# Revealing information



## Xanados (Nov 30, 2011)

Hello everyone.

I'm working on a document in which all of the extensive details of my fantasy world are kept. I was going to reveal a large amount of information on my blog, but after careful consideration I decided not to do so.

The document I was going to share was a teaser that described the protagonist’s cultural background. I didn't post this information because I realised that doing so would give away important aspects of the story that I would want readers to find out by actually reading the book itself. 

My questions to you are, well, what can I do in order to give a few friends of mine a teaser without giving them information? How do other writers, primarily as a teaser, reveal parts of the lore they create without info-dumping?  Is there any other way I can accomplish this? Do famous authors even do this?


----------



## Elder the Dwarf (Nov 30, 2011)

I would suggest a short story or two.  It has been suggested a couple times here.


----------



## Devor (Dec 1, 2011)

Xanados said:


> My questions to you are, well, what can I do in order to give a few friends of mine a teaser without giving them information? How do other writers, primarily as a teaser, reveal parts of the lore they create without info-dumping?  Is there any other way I can accomplish this? Do famous authors even do this?

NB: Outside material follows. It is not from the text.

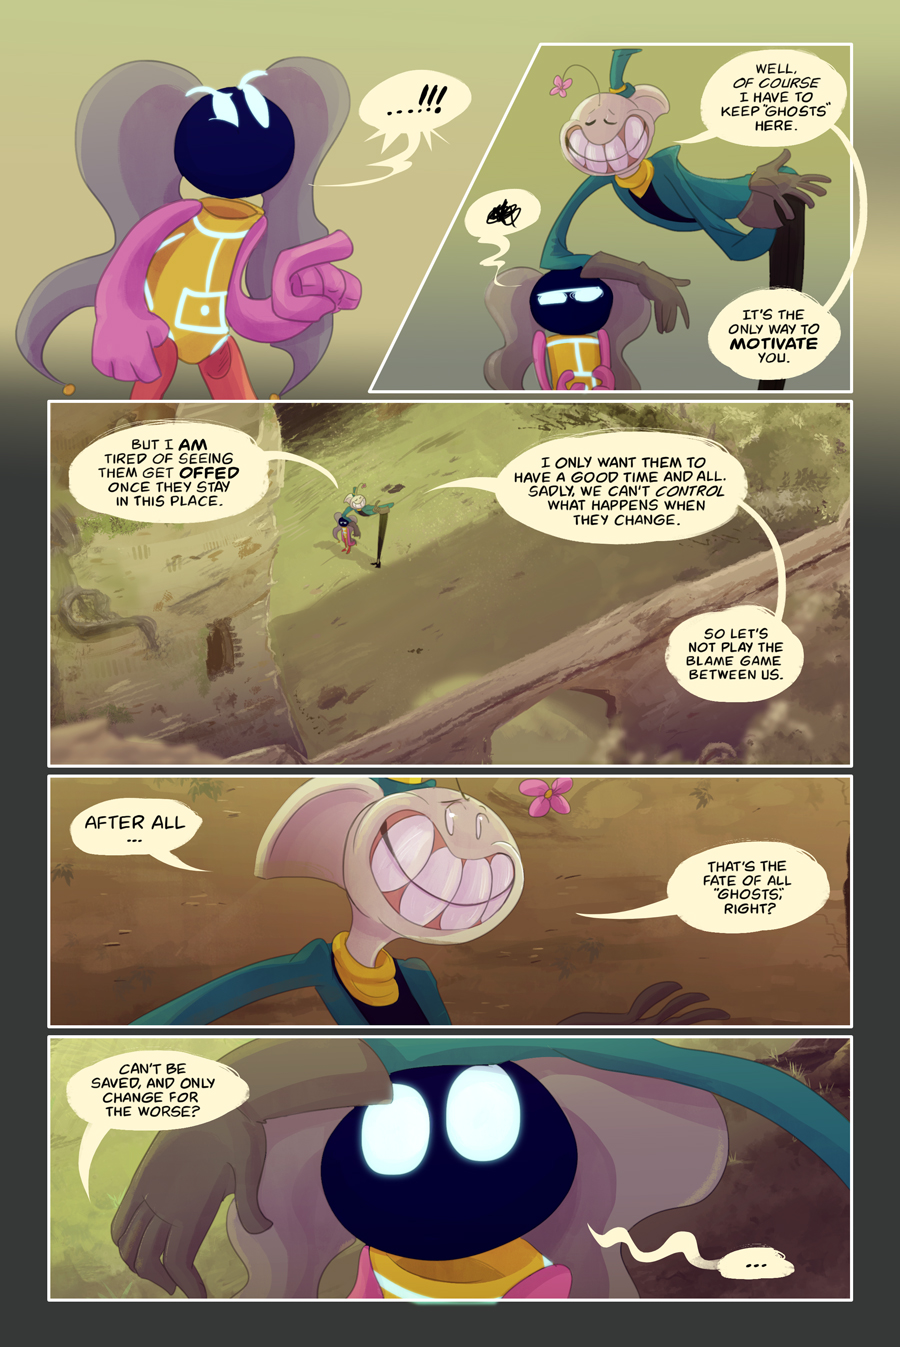 Chapter 5, page 33

Outside of posting a preview of the main work?  Typically short stories, as Elder suggested.  Supplemental works could include any number of creative elements, like a correspondence between a king and his soldiers or the diary of a lesser character.  Depending on what you're writing, a bestiary or a cross-section of an encyclopedia.

But typically some of that comes after you have an established readership looking for an extension of what they already know.  I think the best thing, if you're ready, is to give out a sample chapter.  If you're not there yet, just a short story which connects somehow.


----------



## Jess A (Dec 7, 2011)

Sara Douglass created a bunch of short stories for her website. I printed them off years ago. They are either lore about her species or certain myths or conversations between legendary characters. From memory. 

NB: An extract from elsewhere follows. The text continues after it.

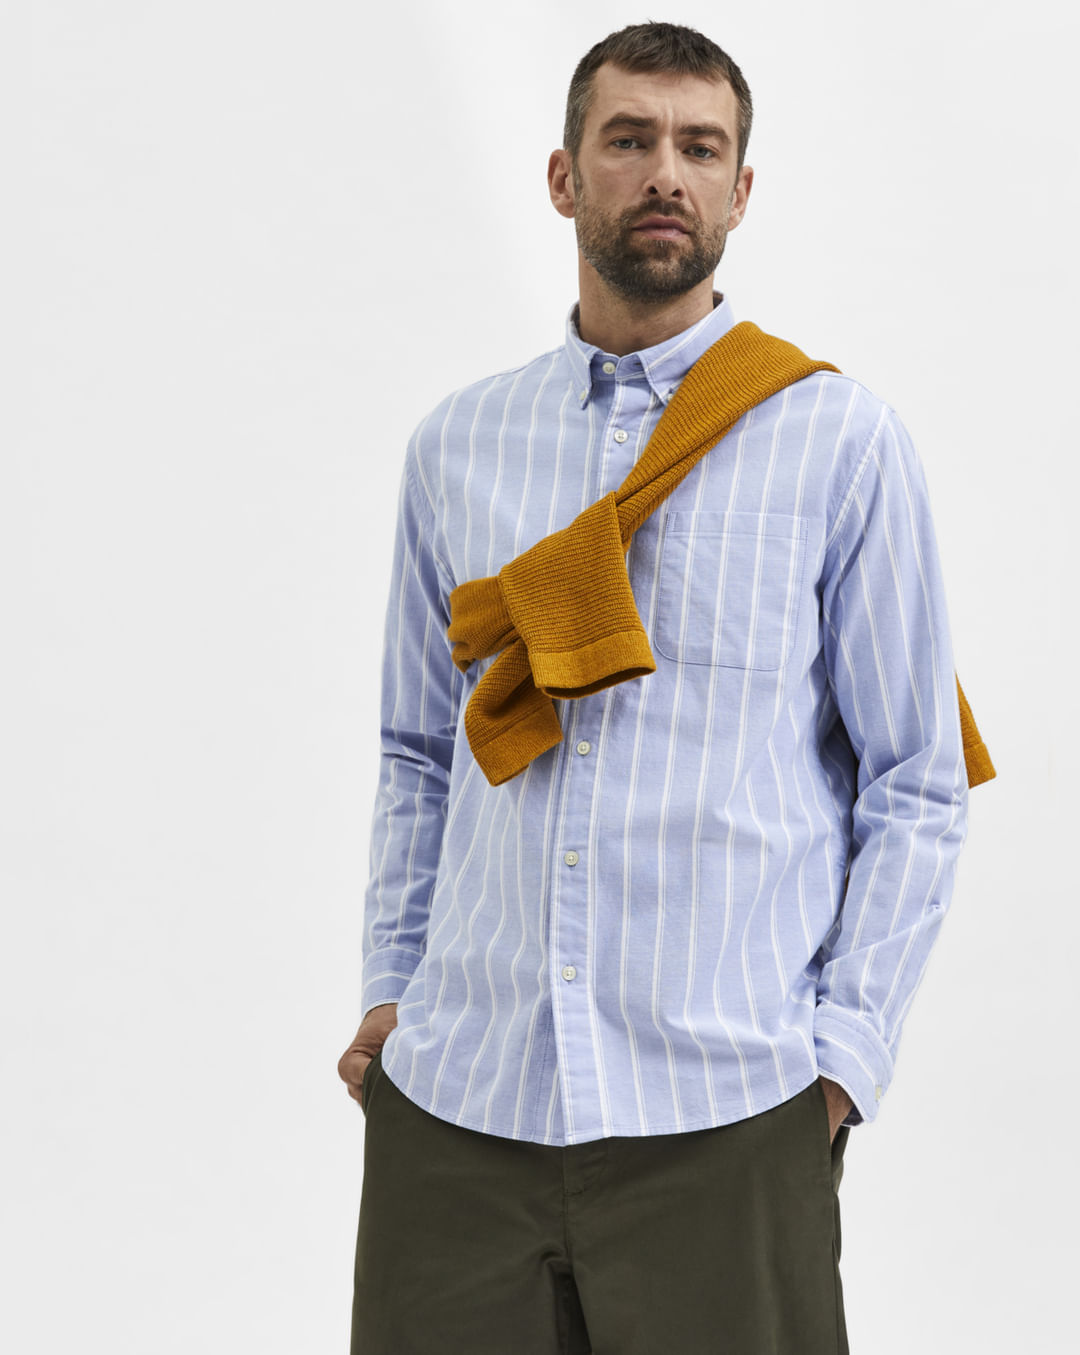 Full Striped Light SELECTED Shirt Online Sleeves HOMME Blue |283936801 Buy at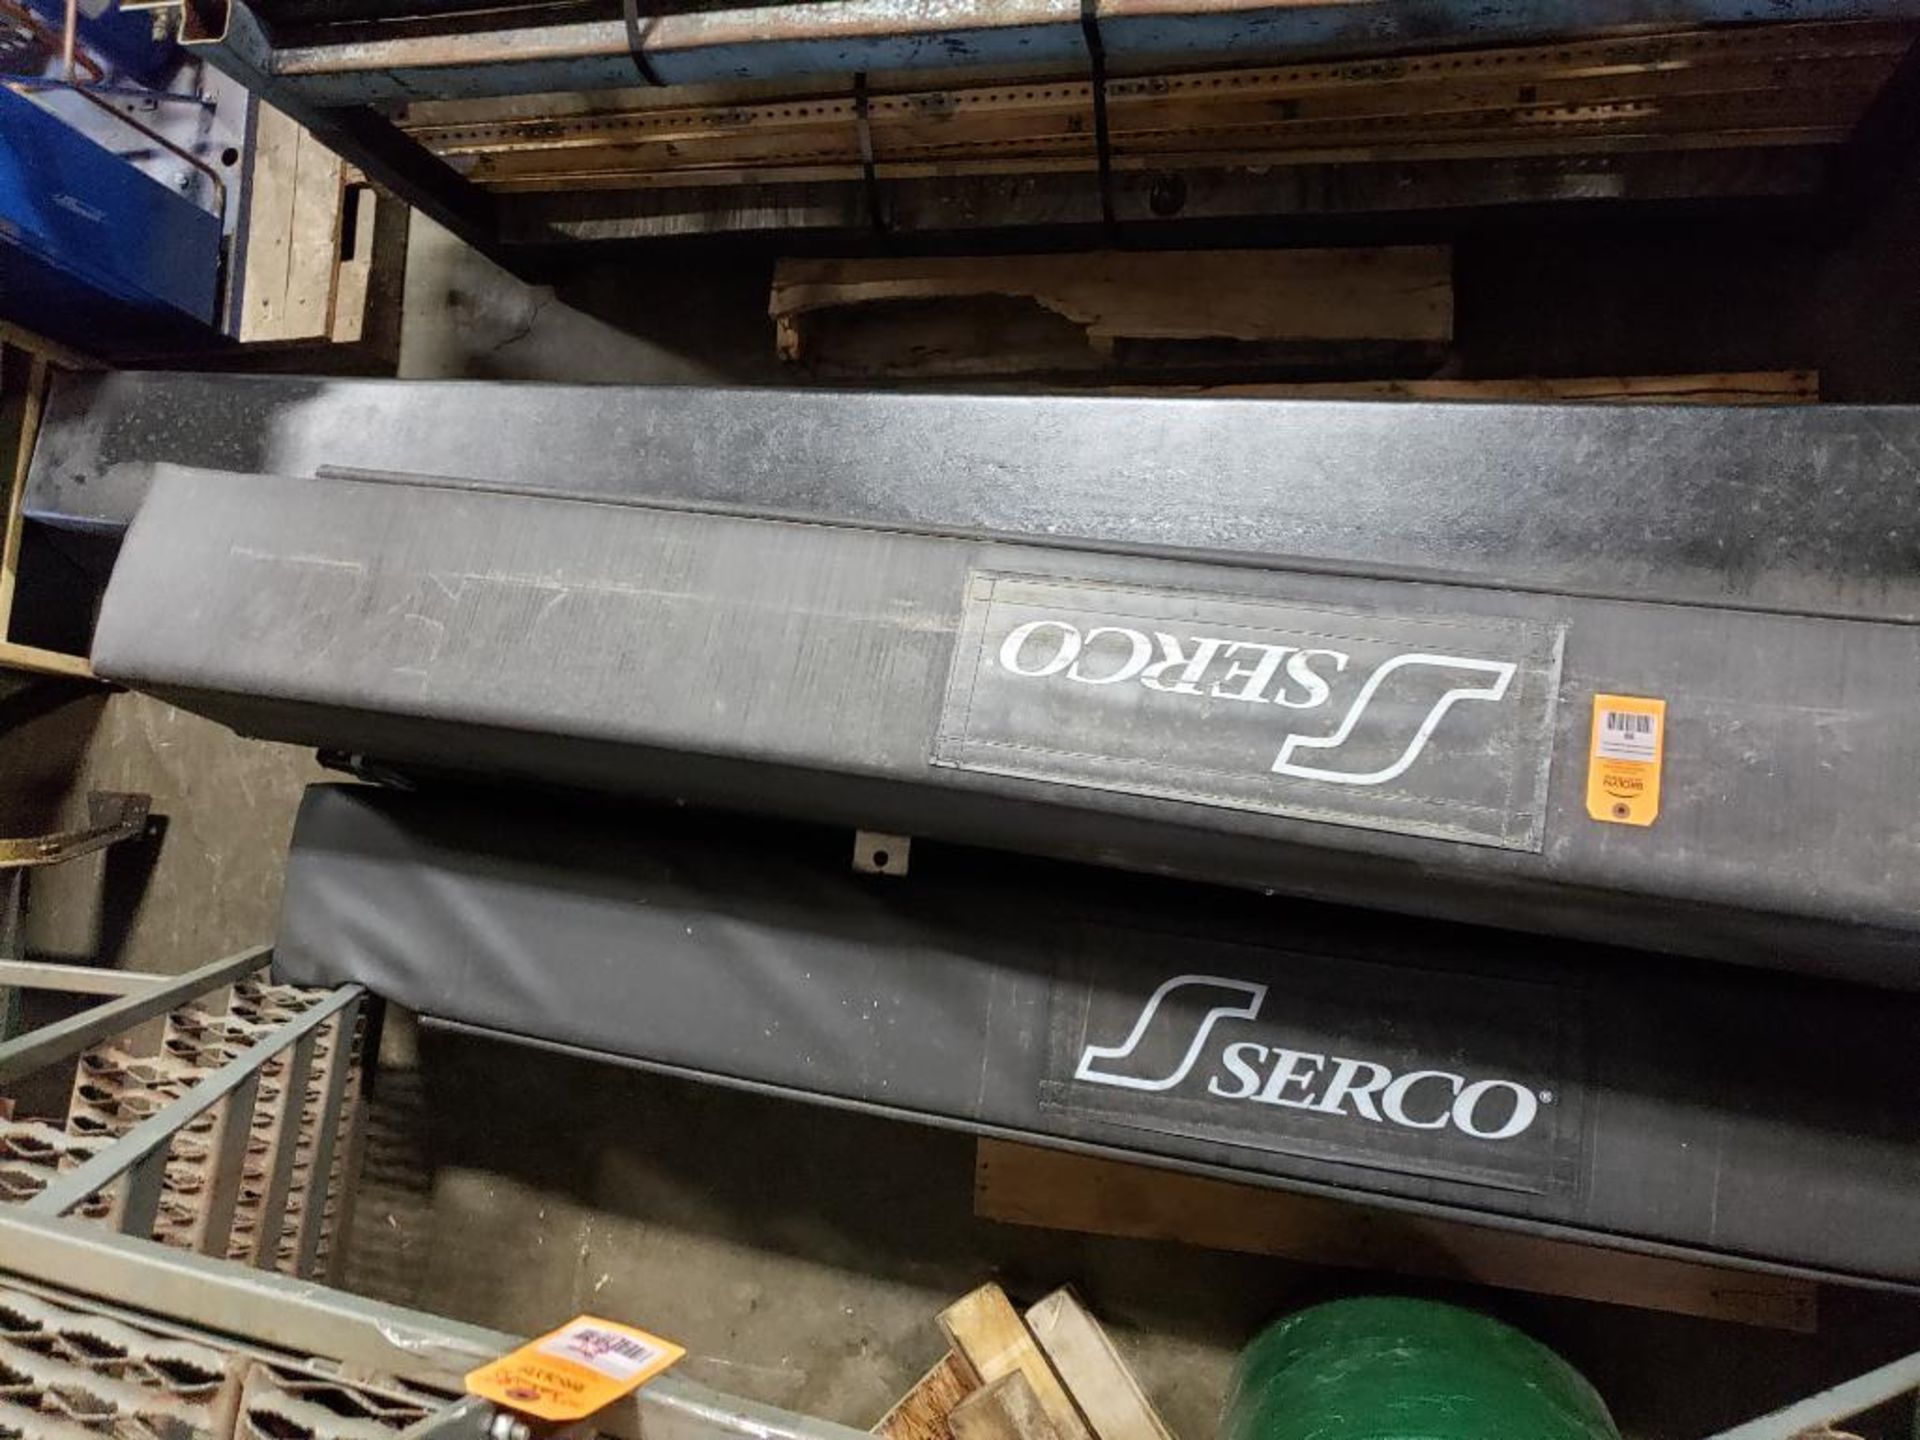 Qty 4 - Serco dock bumpers. - Image 5 of 6

However, I do not know if she released these prior to the books being released. They are lovely additions for the fan wanting something extra. Robin Hobb may also have done this. In fact, she published a novel recently called 'The Inheritance' which is a collection of short stories from her world. 

Other writers use websites and social media to share activities or little 'clues' with puzzles, competitions, pictures. I'm afraid I have no examples at this time.


----------



## Lapis Nebula (Dec 12, 2011)

Not sure if this is the kind of teaser you are looking for (or if anyone else in the WORLD enjoys these but me), but my favorite teasers have always come as "blind items" -- like, "One character is actually a alien!" or whatever the case may be. It gives the readers something to look forward to, without the "who" or the "when." They are tricky to do well, though - if they are too obvious, you may as well just give the whole spoiler. If they aren't interesting enough, no one will really care. The really well done ones are the ones that no one sees coming, or is misled by, but then with retrospect forehead slaps ("d'oh!")


----------



## The Blue Lotus (Dec 12, 2011)

I suggest you check out Ann Rice's Facbook and offical web site. She does what you want very very well.


----------



## DameiThiessen (Dec 12, 2011)

I always get hooked on books that include a page length excerpt (taken from the middle of the book) before the first chapter. It doesn't matter if I'm not into the book as I'm reading it - I want to read to whatever part the excerpt is from, because it sounds like something interesting happens at some point.

So maybe just do that? An excerpt isn't enough to give away major plot details. It will just generate interest.


----------